Antioxidant Activities and Oxidative Stress Byproducts in Human Hypertension
The objective was to study oxidative status, antioxidant activities, and reactive oxygen species byproducts in whole blood and mononuclear peripherals cells and their relationship with blood pressure. Sixty-six hypertensive patients and 16 normotensive volunteers as a control group were studied. In both, whole blood and peripheral mononuclear cells oxidized/reduced glutathione ratio and malondialdehyde was significantly higher, and the activity of superoxide dismutase, catalase, and glutathione peroxidase was significantly lower in hypertensive patients when compared with normal subjects. The content of damaged base 8-oxo-2′-deoxyguanosine in nuclear and mitochondrial deoxyribonucleoproteins of hypertensive subjects was also significantly higher than that of the normotensive control subjects. No differences in these measurements were found among hypertensive subjects grouped in tertiles of 24-hour average mean blood pressure or between “white-coat” and established hypertensive subjects. Furthermore, no relationship was observed between the average of 24-hour mean blood pressure and oxidized/reduced glutathione ratio, reactive oxygen species byproducts, malondialdehide, or genomic 8-oxo-2′-deoxyguanosine. In whole blood and in mononuclear cells from hypertensive subjects, there was an increase in oxidative stress and a reduction in the activity of antioxidant mechanisms that appeared to be independent of the blood pressure values.
Oxidative stress, an excessive production of reactive oxygen species (ROS) outstripping antioxidant defense mechanisms, has been implicated in pathophysiological conditions that affect the cardiovascular system such cigarette smoking, hypercholesterolemia, diabetes, and hypertension.1–3 Oxidative stress accompanying hypertension in animal models includes spontaneous hypertension,4 renovascular hypertension,5 deoxycorticosterone acetate-salt model,6 and obesity-related hypertension.7 Moreover, reducing superoxide radicals by infusion of superoxide dismutase (SOD) significantly decreases blood pressure in spontaneously hypertensive rats.8
In humans, hypertension is also considered a state of oxidative stress that can contribute to the development of atherosclerosis9 and other hypertension-induced organ damage.10 Assessment of antioxidant activities and lipid peroxidation byproducts in hypertensive subjects indicates an excessive amount of ROS and a reduction of antioxidant mechanism activity in both blood as well as in several other cellular systems,11 including not only vascular wall cells12 but also those found in circulating blood.13
Another consequence of the overproduction of ROS is the instability of critical nonlipidic macromolecules, which may have important consequences on cellular functions. Among these, genomic and mitochondrial DNA14 are especially relevant. Up to now, however, no information concerning the damage of both types of DNA in cells from hypertensive subjects has been available. Similarly, the relationship of the degree of oxidative stress-induced alterations with the blood pressure (BP) values has yet to be addressed.

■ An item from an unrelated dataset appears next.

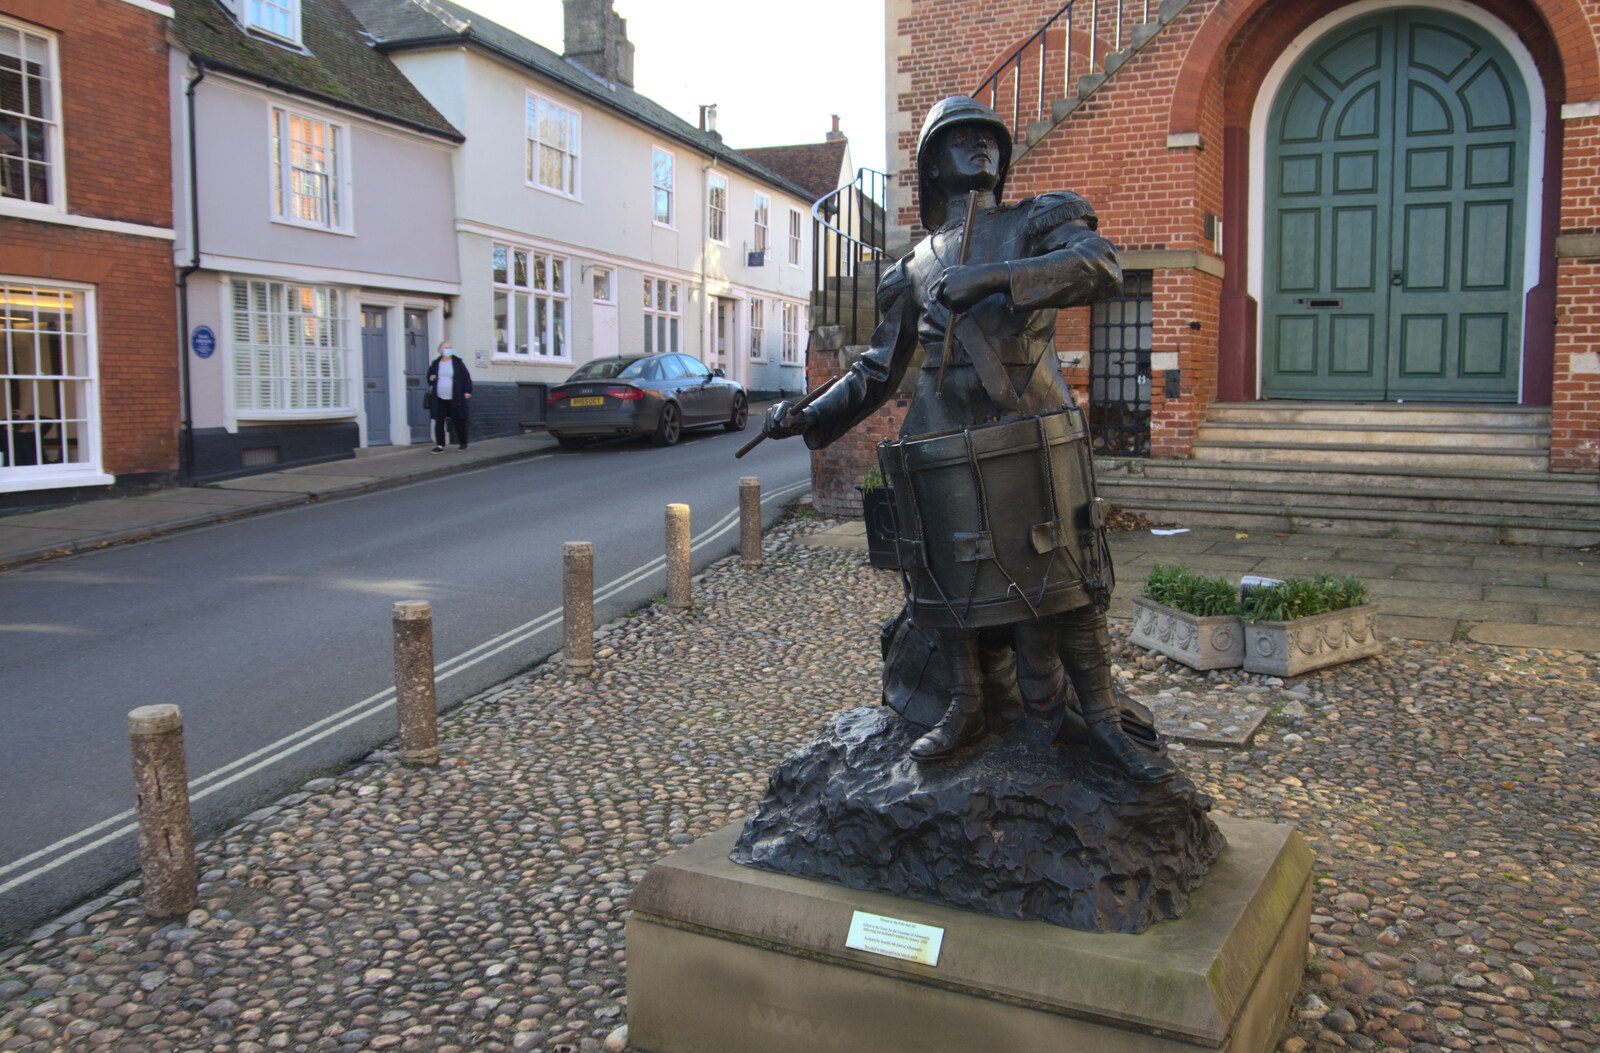 A drumming soldier statue on Seckford Street from Isobel's Birthday, Woodbridge, Suffolk - 2nd November 2020

In this study, oxidative status, antioxidant activities, and ROS byproducts in whole blood and mononuclear peripherals cells was measured in a group of hypertensive subjects not in antihypertensive treatment in whom BP values were estimated using 24-hour ambulatory BP monitoring. The relationship with BP values was also analyzed.
Selection of Study Participants
Patients included in the study were selected from an outpatient clinic over the 1-year period of January to December 2001. Patients who fulfilled the inclusion criteria were invited to participate, and written consent was requested. The following were the inclusion criteria: (1) essential hypertension defined according to the criteria of the VI Joint National Committee;15 (2) age 25 to 50 years; (3) WHO grade I–II; (4) never previously treated for hypertension or off medication for at least 1 month before the beginning of the study. Patients with diabetes mellitus, a fasting glucose in serum >120 mg/dL, with total cholesterol levels >240 mg/dL or cigarette consumption >10 per day were excluded. Healthy, normotensive nonsmokers were selected as a control group. The Ethics Committee of the Hospital approved the study.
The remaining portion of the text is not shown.